The book is also available on Amazon Kindle.

Need the companion prep toolkit? The PM Interview Prep System includes frameworks, mock interview trackers, and a 30-day preparation plan.


About the Author

Johnny Mai is a Product Leader at a Fortune 500 tech company with experience shipping AI and robotics products. He has conducted 200+ PM interviews and helped hundreds of candidates land offers at top tech companies.


FAQ

Should I take MBA after IITB to get a PM job?

No, not if you’ve taken project-based courses like CS 734, MEMS 605, and ID 432. Graduates who built MVPs, shipped software, and interned at startups have landed PM roles at Amazon, Postman, and Razorpay without an MBA. MBA is valuable for lateral moves or if targeting strategy-heavy PM roles, but not required.

Which IIT Bombay professor is best for PM mentorship?

Prof. Harshal Lowalekar (CS) and Prof. Sangeet Chatterjee (MEMS) are most cited by students who entered PM. Lowalekar’s Enterprise IT course mimics real product delivery, while Chatterjee connects students with founders at SINE. Both provide strong referral letters for internships.

Do IIT Bombay course projects help in PM interviews?

Yes, if you treat them like real products. Hiring managers at Microsoft and Amazon have accepted candidates solely based on how they discussed user research and iteration from ID 432 or MEMS 605 projects. But only if you can articulate the “why” behind decisions.

Can EE or Energy students become PMs through IITB courses?

Yes. A 2024 Energy Systems grad took EEL 707 and MEMS 607, built a predictive maintenance tool for solar farms, and joined Schneider Electric’s product team. Domain knowledge plus analytics skills opens industrial PM roles.

What’s the average salary for PM roles after IIT Bombay?

In 2024, starting packages ranged from ₹18–25 LPA at companies like Amazon, Flipkart, and Razorpay.

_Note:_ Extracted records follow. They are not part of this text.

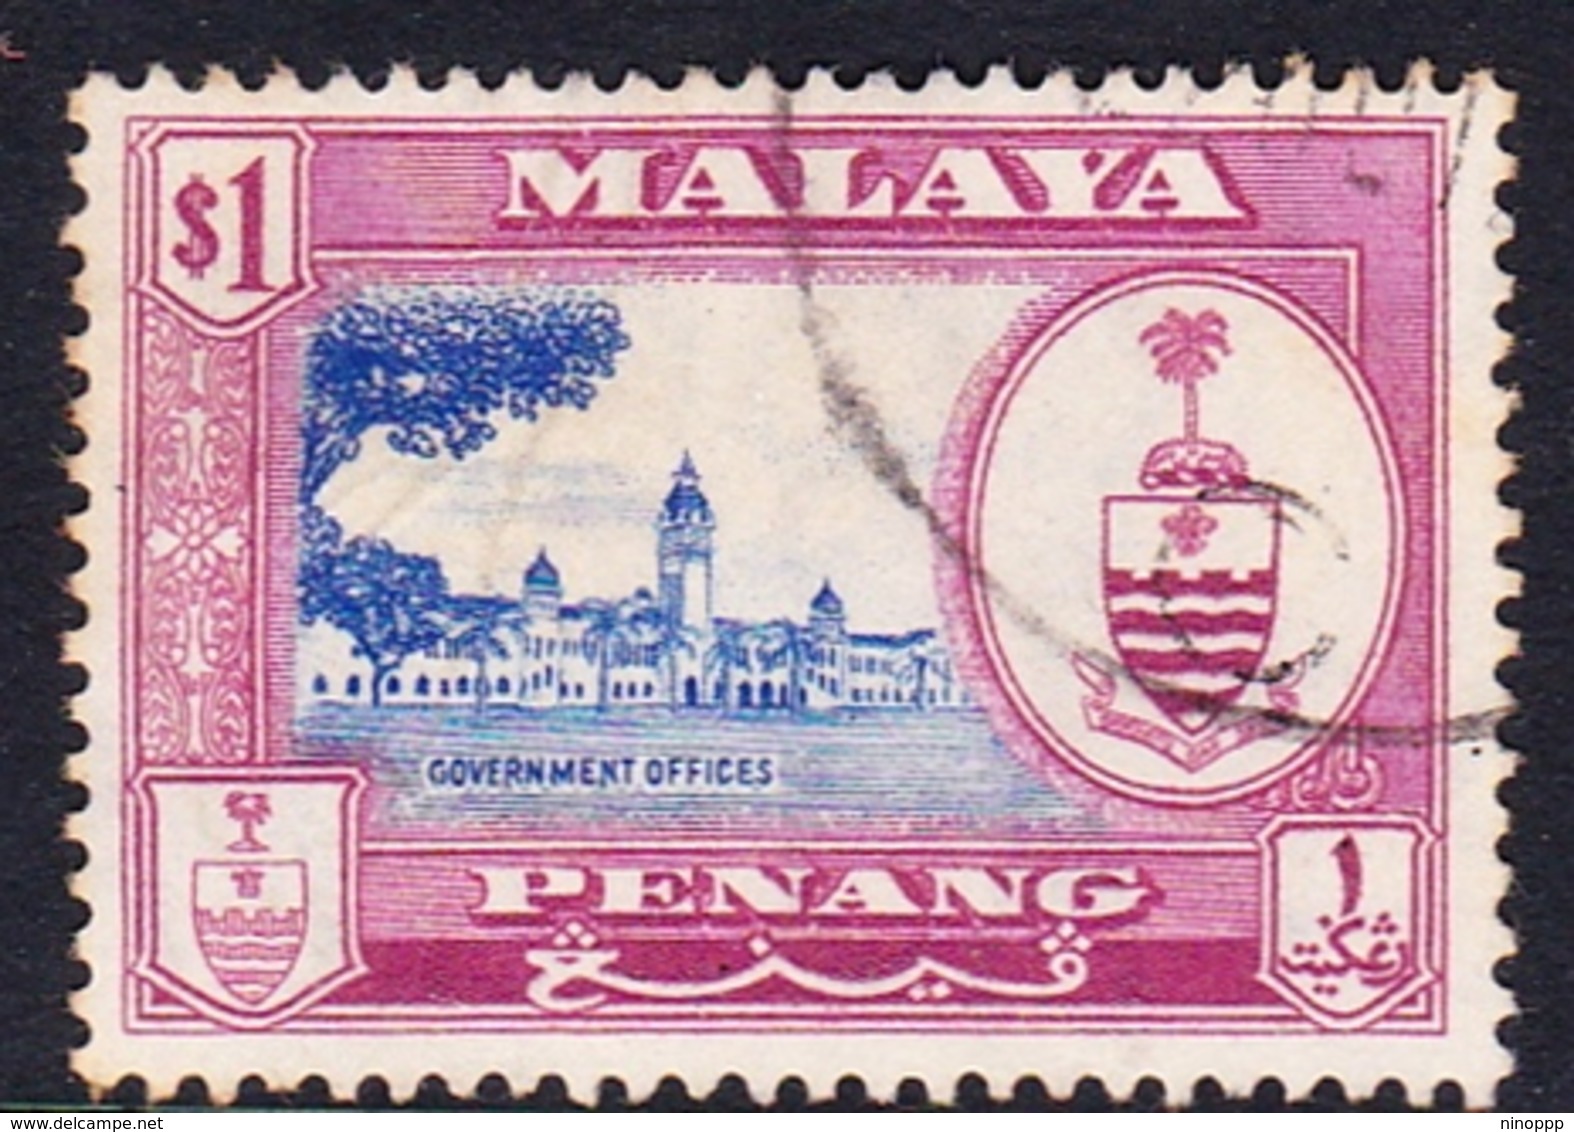 Malaysia-Penang SG 63 1960 Definitives, $ 1.00 Ultramarine And Redish Purple, Used - Penang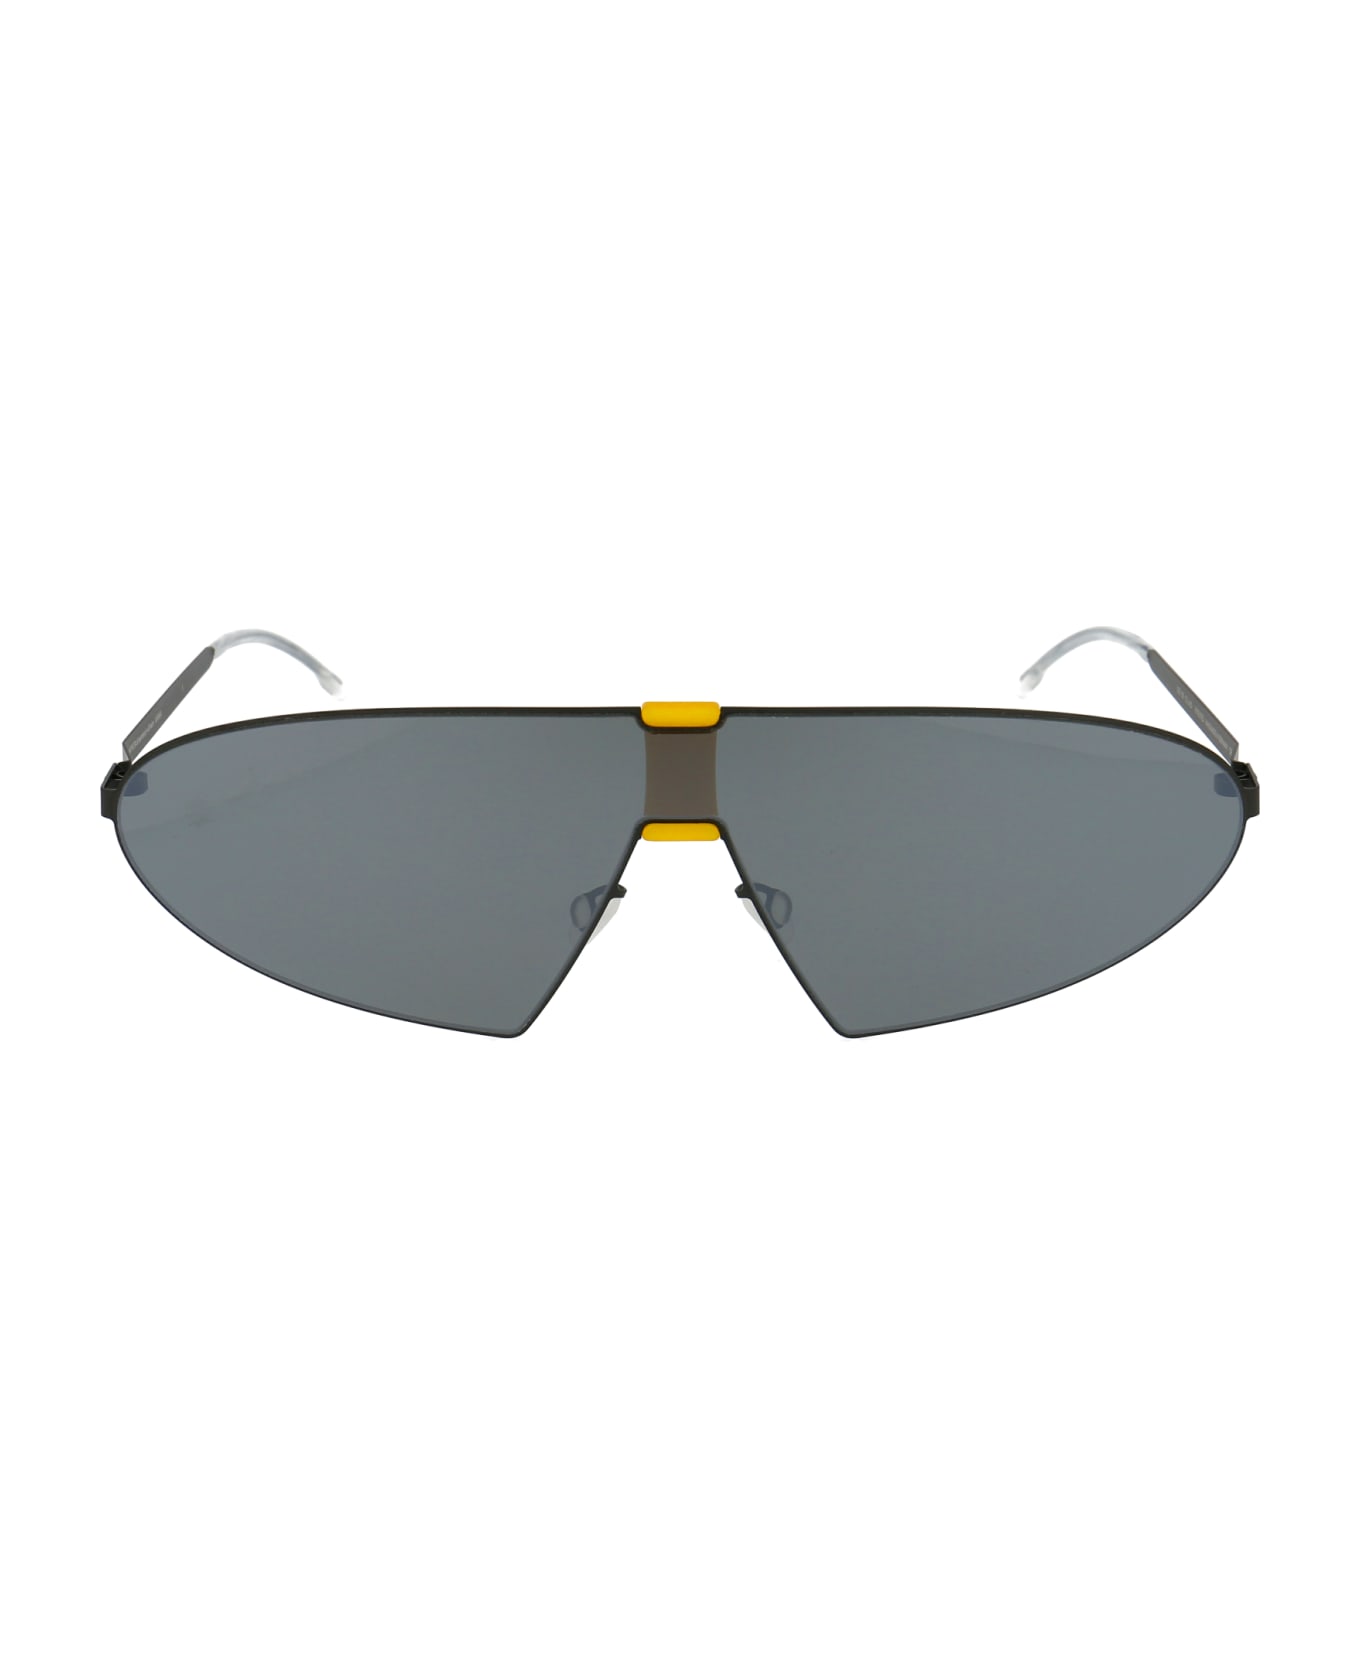 Mykita Karma Sunglasses - 423 MH40 Black/Yellow Silver Shield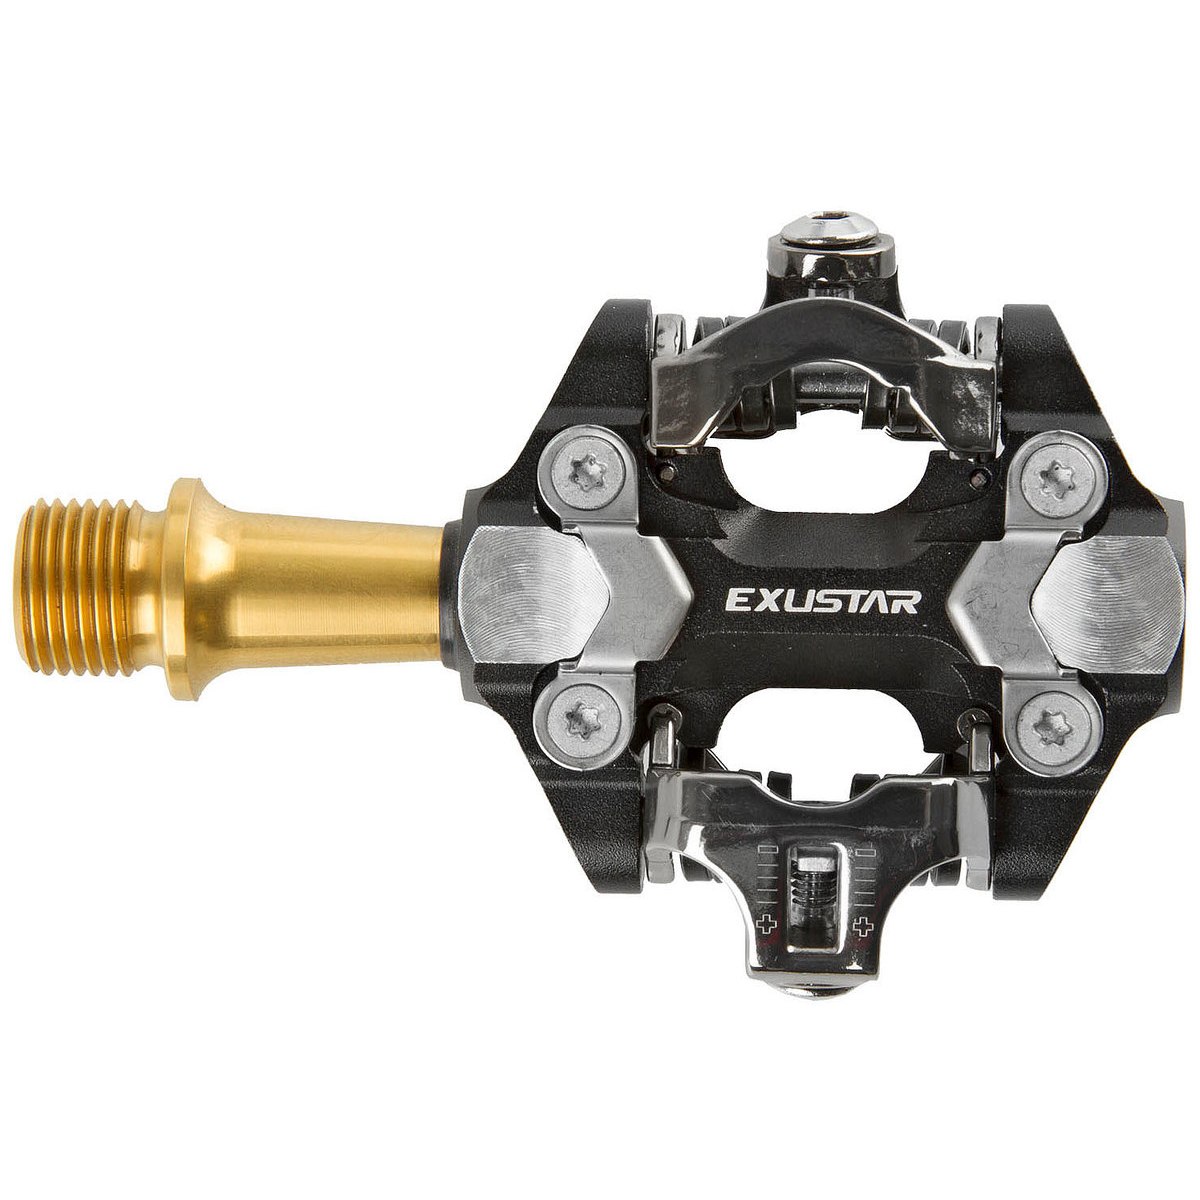 Productfoto van Exustar E-PM222TI Pedal

Product analyst roles started at ₹14–18 LPA with transition paths to PM. Senior PMs (4–5 years) at these firms earn ₹40–70 LPA.

Are there PM internships through IITB placements?

Rarely. Only 2–3 companies offer PM internships via summer placements. Most students secure roles through SINE, alumni referrals, or cold outreach after building a course project. One student used their CS 734 project to land a Postman internship via LinkedIn.